If you have a need to further conserve IPv4 addresses per node, with only a minor performance penalty to pod launch time, you can instead use WARM_IP_TARGET and MINIMUM_IP_TARGET settings, which override WARM_PREFIX_TARGET if set. By setting WARM_IP_TARGET to a value less than 16, you can prevent IPAMD from keeping one full free prefix attached.

For a concrete example, let’s imagine a user that estimates with steady state, they will have 25 pods deployed per node. They are using m5.large instances, which support 3 ENIs and 9 prefixes per ENI. This user is operating in a VPC with limited IPv4 address space, and is willing to sacrifice some pod launch time performance to minimize unused IP addresses per node, so they decide to set WARM_IP_TARGET and MINIMUM_IP_TARGET instead of relying on the default recommended behavior of WARM_PREFIX_TARGET set to 1. They set MINIMUM_IP_TARGET to 25, because they expect at least 25 pods to be scheduled on every node as a baseline. They also set WARM_IP_TARGET to 5. Keep in mind, that with prefix assignment, IPAMD can only allocate IPv4 addresses in chunks of 16.

When a node is started in their cluster, IPAMD will allocate 2 prefixes (32 IP address) to the primary ENI (this user is not using CNI custom networking, so only the primary ENI is used in this example) to satisfy the MINIMUM_IP_TARGET of 25. Now 25 pods get scheduled to the worker node, and no action is taken by IPAMD, because enough IP addresses are already allocated to meet the pod requirements, and there are 7 unused IP addresses, which satisfies the WARM_IP_TARGET requirement of 5. Next, their application experiences a spike in traffic, and an additional 12 pods are scheduled to the worker node to meet the demand. When the 3rd pod gets scheduled, IPAMD will calculate that their are only 4 free IP addresses left on the node, less than the WARM_IP_TARGET of 5, and will call EC2 to attach an additional prefix to the ENI. 7 of the 12 additional pods will immediately be given IP addresses from the existing pool, however, the last 5 pods may see a slight delay in starting as the additional prefix gets attached.
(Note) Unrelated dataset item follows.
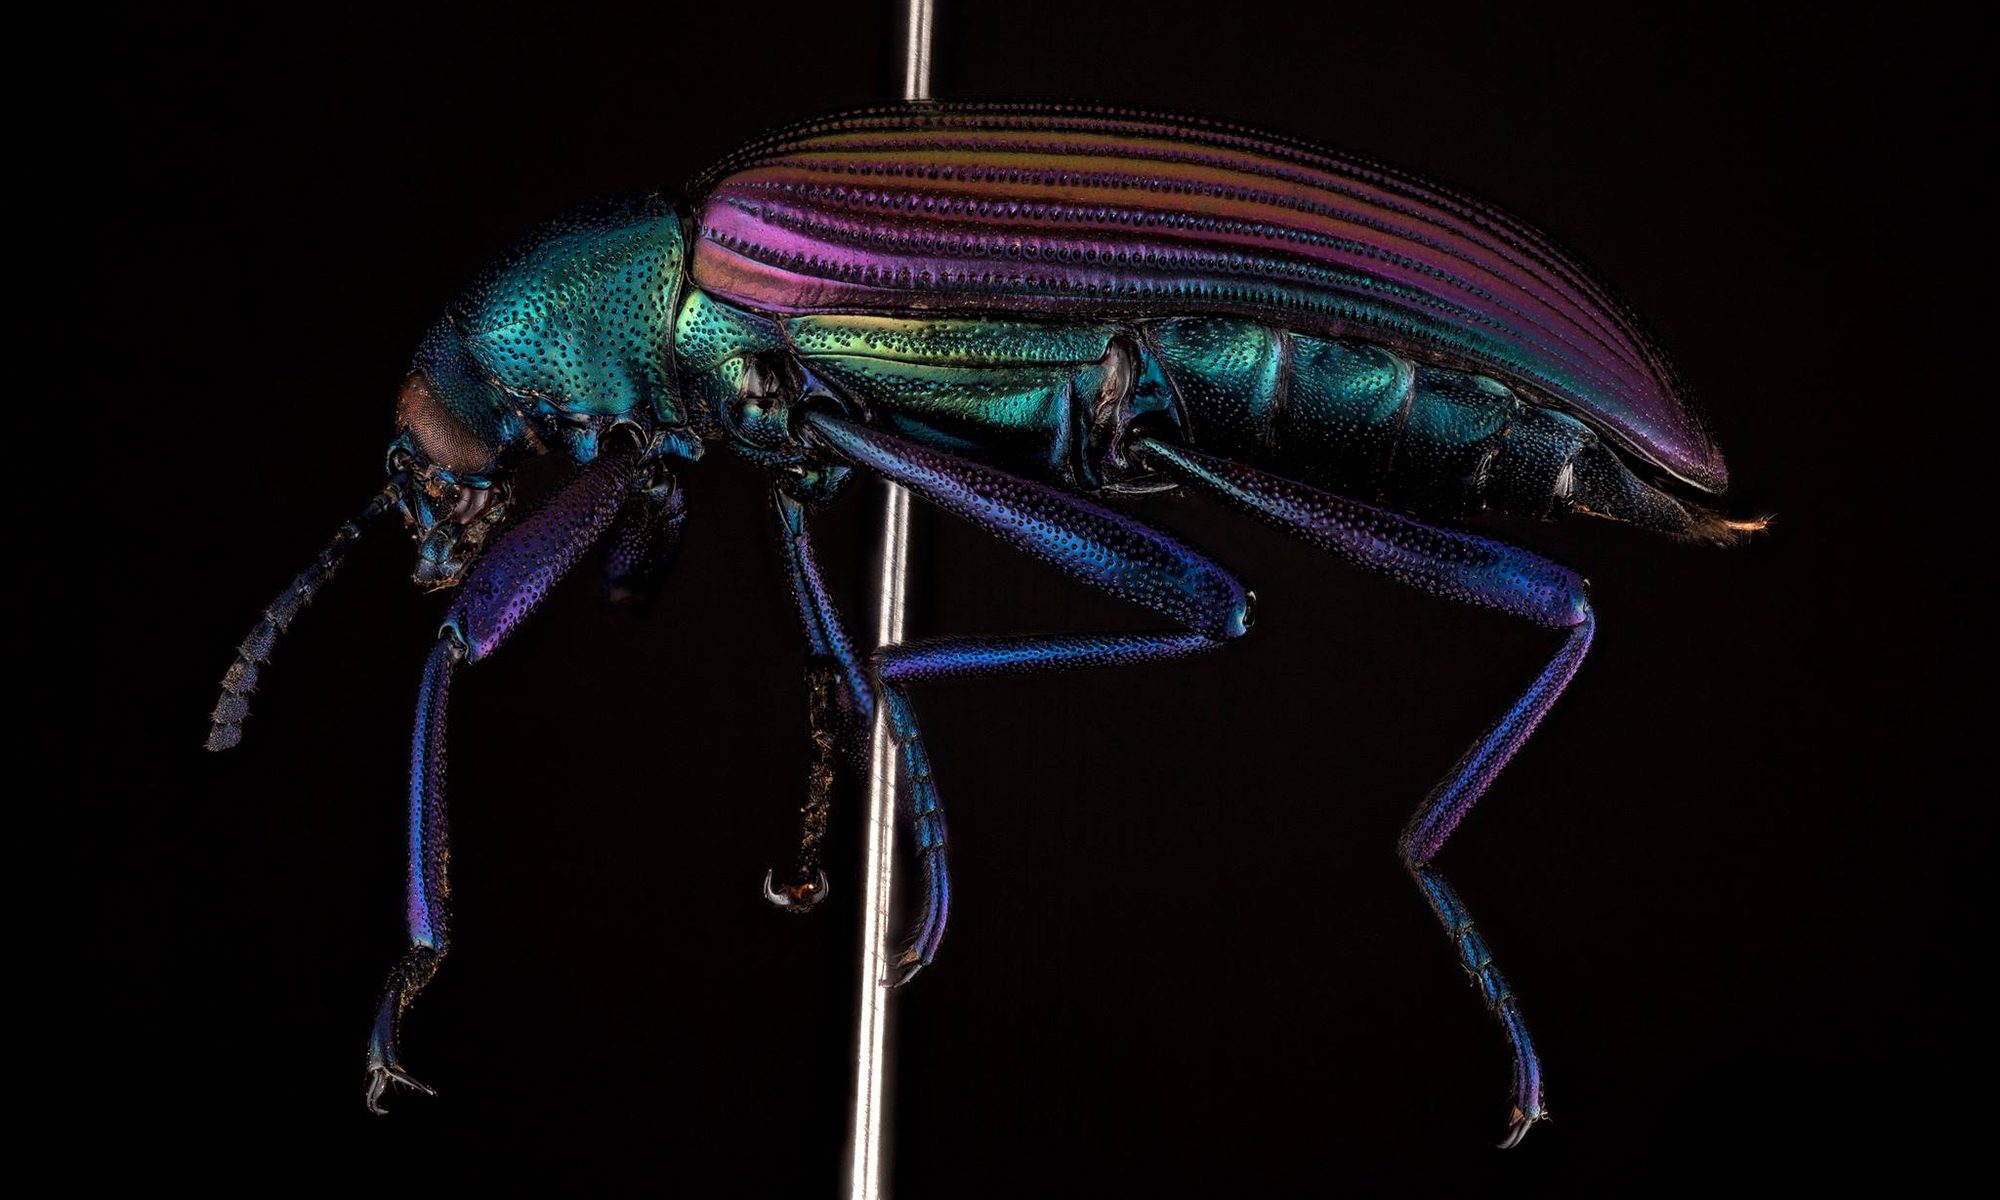 beetle on pin, closeup

Once this new steady state is reached, the worker node will still have only the primary ENI attached, with 3 prefixes, for a total of 48 IPs allocated, and 37 pods running on the node.

For more details on the use cases and examples of combination of these settings, see the VPC CNI documentation. Note, MINIMUM_IP_TARGET is not required to be set when using WARM_IP_TARGET, but is recommended if you have an expectation of the baseline pods per node to be scheduled in your cluster. If not set in the example above, IPAMD would have only allocated a single prefix on node launch, and an additional prefix would have been attached during the initial scheduling of the 25 pods. An additional network interface only needs to be attached if the maximum number of prefixes is reached on an existing ENI. In the case of this m5.large example, that’s 9 prefixes, or 144 IP addresses, so it’s highly unlikely you’ll need an additional ENI. There is no performance impact from running all pods through one ENI, because traffic still runs through a single underlying network card (only the recently launched p4d.24xl instance type supports more than one network card).
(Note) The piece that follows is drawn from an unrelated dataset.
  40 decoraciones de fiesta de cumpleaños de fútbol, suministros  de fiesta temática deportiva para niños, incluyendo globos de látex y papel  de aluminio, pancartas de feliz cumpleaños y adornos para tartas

It’s more performant to use WARM_IP_TARGET and MINIMUM_IP_TARGET with prefix assignment mode, compared to setting these variables in the older individual secondary IP address networking mode. In that networking mode, you can get one at a time control over IP address allocation, but setting WARM_IP_TARGET can drastically increase the number of EC2 API calls needed to achieve that fine grained allocation, resulting in API throttling and delays attaching any new ENIs or IPs to worker nodes. Allocating an additional prefix to an existing ENI is a faster EC2 API operation compared to creating and attaching a new ENI to the instance, which gives you the better performance characteristics while being frugal with IPv4 address allocation. Attaching a prefix typically completes in under a second, where attaching a new ENI can take up to 10 seconds. For most use cases, IPAMD will only need a single ENI per worker node when running in prefix assignment mode. If you can afford (in the worst case) up to 15 unused IPs per node, we strongly recommend using the newer prefix assignment networking mode, and realizing the performance and efficiency gains that come with it.

Calculate max pods

When using VPC CNI, the maximum amount of pods that can be run per node has been dependent on VPC CNI settings. As part of this launch, we’ve updated EKS managed node groups to automatically calculate and set the recommended max pod value based on instance type and VPC CNI configuration values, as long as you are using at least VPC CNI version 1.9. The max pods value will be set on any newly created managed node groups, or node groups updated to a newer AMI version. This helps for both prefix assignment use cases, as well as CNI custom networking where you previously needed to manually set a lower max pods value.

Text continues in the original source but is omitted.